Neither the original interests that Mr X holds in Company A or the new interests he will receive in Company B will be interests in trusts that are superannuation funds within the meaning of that term under section 10 of the Superannuation Industry (Supervision) Act 1993 (paragraph125-70(1)(g) of the ITAA 1997).
Proportionate distribution of demerged entity shares
The number of Company B shares received by Mr X will be in direct proportion to the number of shares he owns in Company A just before the demerger happens (paragraph 125-70(2)(a) of the ITAA 1997).
Just after the demerger, Mr X will own the same proportionate total market value of shares in Company B as he held in Company A just before the demerger (paragraph 125-70(2)(b) of the ITAA 1997).
Not a buy-back and no other rollover available
The demerger does not constitute a buy-back of shares for the purposes of Division 16K of Part III of the ITAA 1936 (subsection 125-70(4) of the ITAA 1997); and
No rollover will be available under another provision for any CGT events occurring to the Company A shares as a result of the restructure scheme (subsection 125-70(5) of the ITAA 1997).
Company B is the demerged entity
Subsection 125-70(6) of the ITAA 1997 defines a demerged entity as being a former member of a demerger group in which ownership interests are acquired by shareholders of the head entity under a demerger.
In the present circumstances, Company B will be the demerged entity since the Company A shareholder will receive shares in this entity, which were formerly held by Company A, under the demerger.

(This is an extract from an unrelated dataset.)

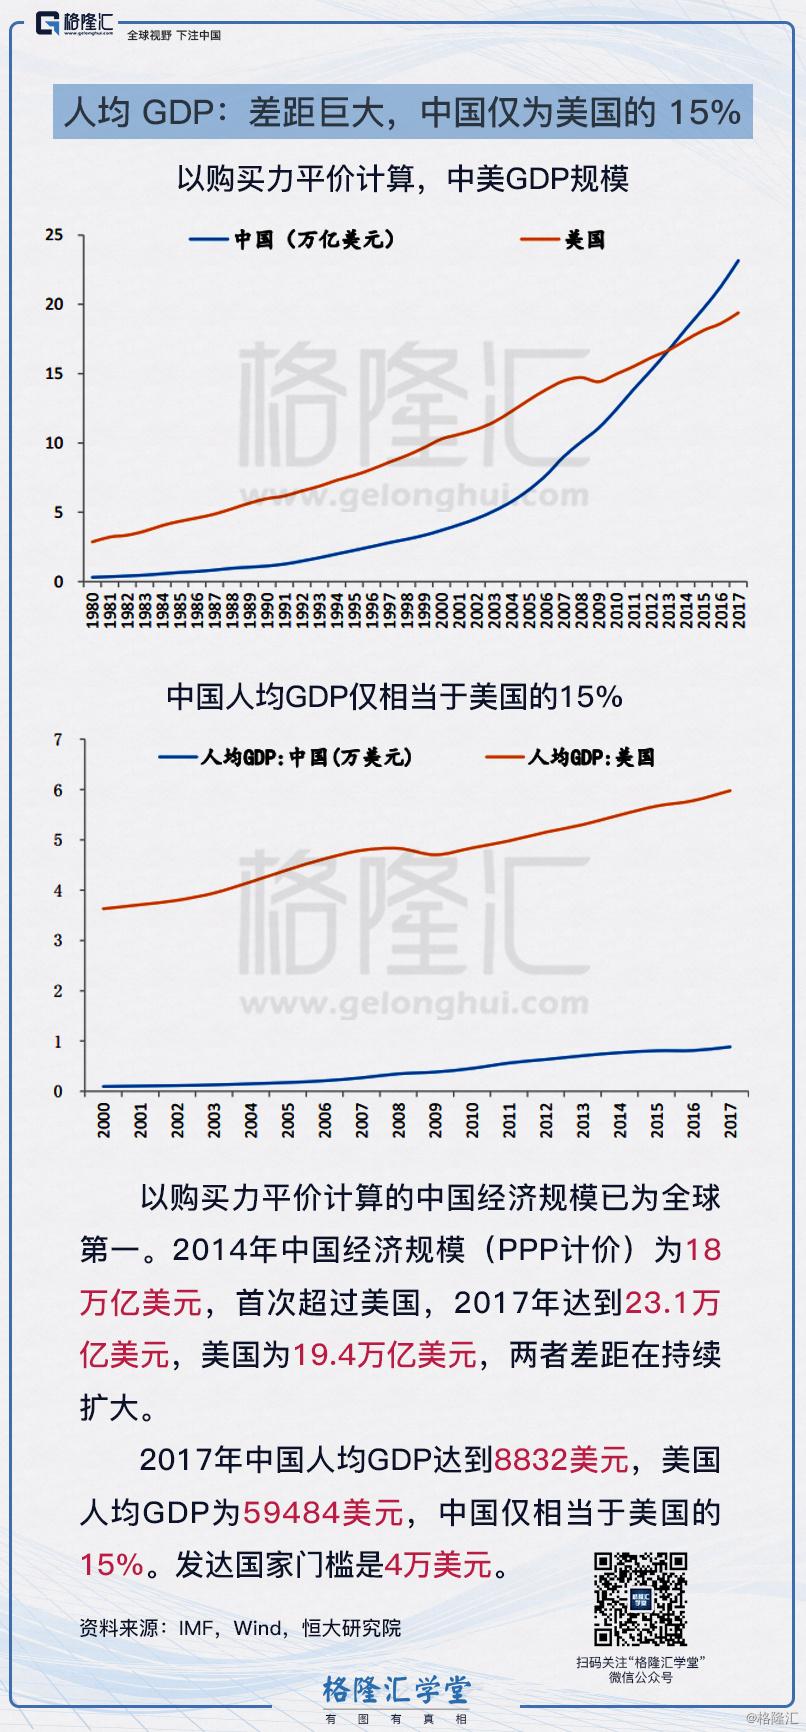 1人均 GDP:差距巨大,中国仅为美国的 15%.jpg

Company A is the demerging entity
Taxation Determination TD 2004/48 confirms that the head company of the consolidated group can satisfy the requirements of a demerging entity in subsection 125-70(7) of the ITAA 1997.
Subsection 125-70(7) of the ITAA 1997 defines a demerging entity to be a member of a demerger group who disposes of at least 80% of its total ownership interests in another member of the demerger group to owners of original interests in the head entity under a demerger.
Company A will dispose of 100% of its shares in Company B directly to its shareholder (Mr X) under the demerger, Company A qualifies as the demerging entity for the purposes of subsection 125-70(7) of the ITAA 1997.
Question 4
Will the Commissioner confirm that any capital gain or loss arising to the rulee under CGT event A1 is disregarded under section 125-155 of the ITAA 1997?
Detailed reasoning
Section 125-155 of the ITAA 1997 provides that a demerging entity may ignore capital gains or capital losses arising from certain CGT events (including CGT event A1) happening to its ownership interests in a demerged entity under a demerger.
In the present case:
§ Company A is the demerging entity,
§ CGT event A1 will happen when Company A disposes of its shares in Company B and transfers them to the Company A shareholder, Mr X (per section 104-10 of the ITAA 1997), and
§ this disposal happens under a demerger.
As a consequence, any capital gain or loss arising from CGT event A1 to Company A on the disposal of its Company B shares that were acquired on or after 20 September 1985 (post-CGT shares) under the demerger will be disregarded (section 125-155 of the ITAA 1997).